The 5th SS Police Regiment (SS-Polizei-Regiment 5) was initially named the 5th Police Regiment (Polizei-Regiment 5) when it was formed in 1942 from existing Order Police (Ordnungspolizei) units for security duties in Occupied Serbia. It was redesignated as an SS unit in early 1943. The regiment was disbanded at the end of 1944.
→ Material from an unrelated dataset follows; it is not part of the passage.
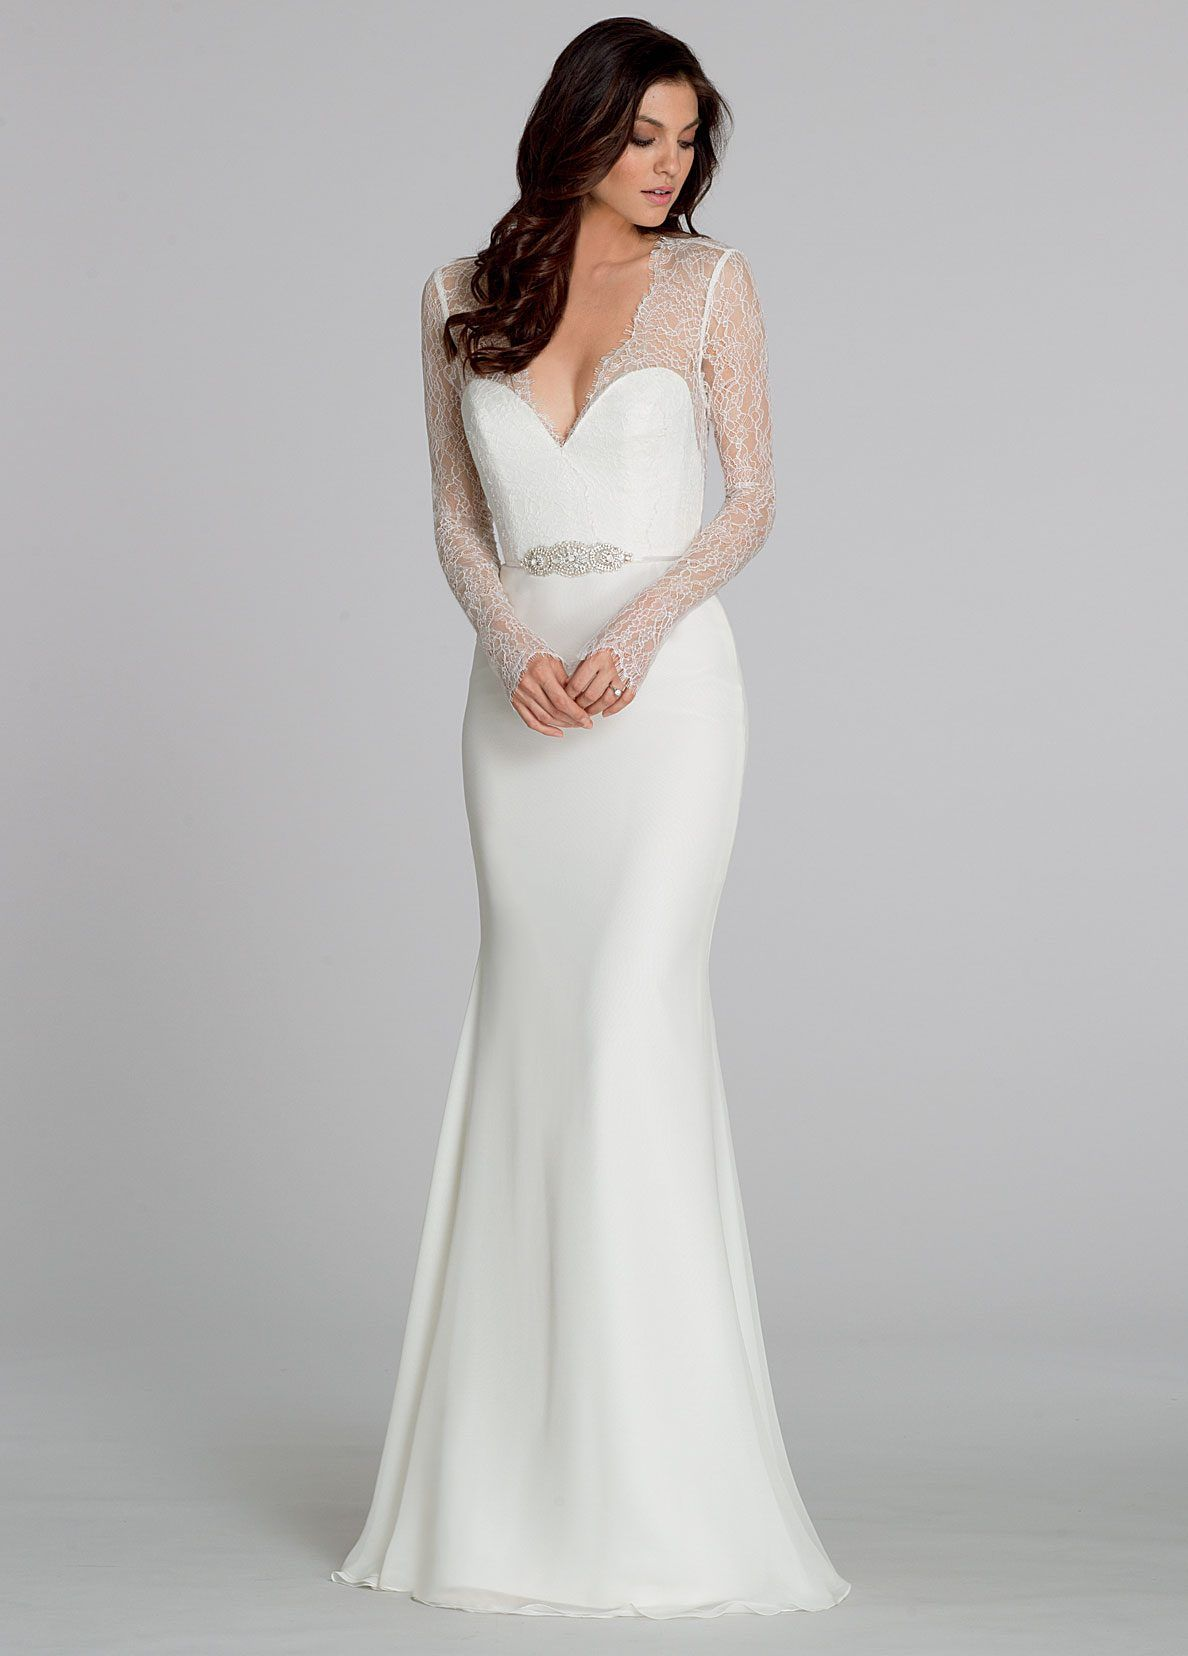 Ivory chiffon sheath bridal gown long sleeve chantilly lace bodice
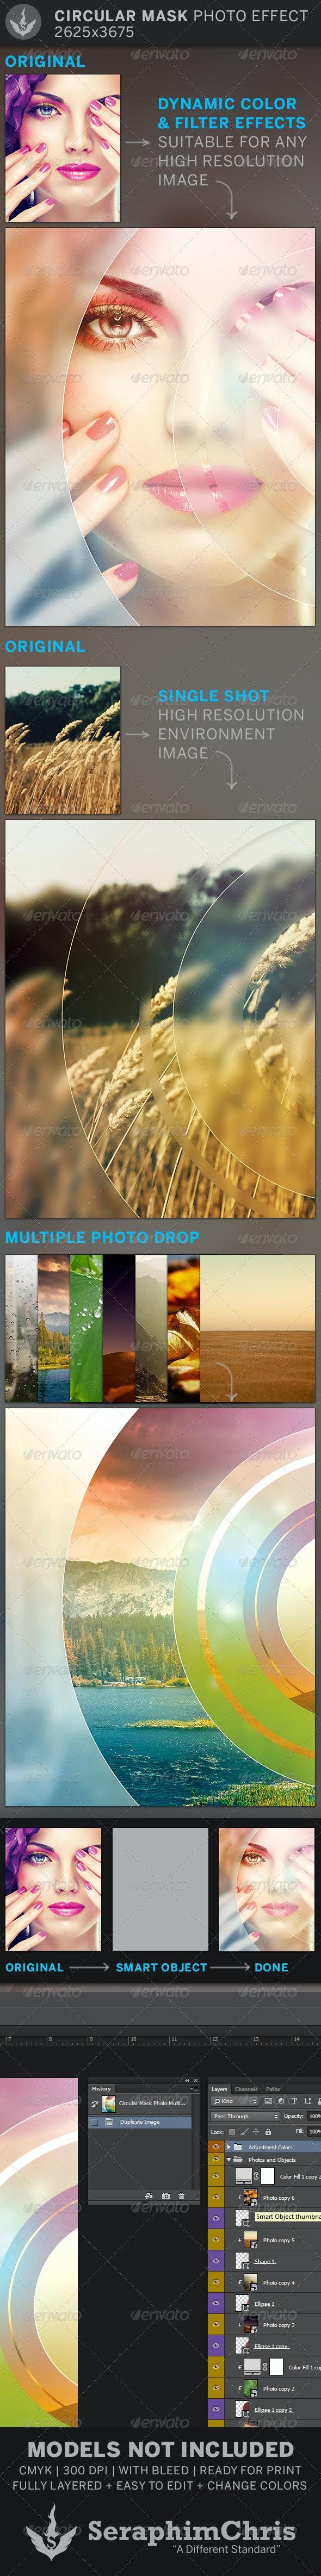 Circular Mask Photo Effect Template - Artistic Photo Templates

==Formation and organization==
The regiment was ordered formed in July 1942 in Serbia, but the regimental headquarters was not formed until 29 November. Police Battalion 64 (Polizei-Bataillon 64) in Belgrade, Serbia, and Police Battalion 322 in Slovenia were redesignated as the regiment's first and second battalions, respectively, and the third battalion was raised in Berlin, Germany. This battalion was disbanded before it ever left Berlin and it was replaced by the redesignation of the First Battalion of the 3rd Police Regiment (I./Polizei-Regiment 3) in January 1943. Brigadier General (Generalmajor der Schutzpolizei) Andreas May was the first regimental commander and remained in command until his death in June 1944. Lieutenant Colonel (Oberstleutenant der Schutzpolizei) Franz Lechthaler assumed command on 15 July and retained until sometime in late 1944.

All of these police regiments were redesignated as SS police units on 24 February 1943. The regiment was disbanded at the end of 1944 during the German withdrawal from Serbia.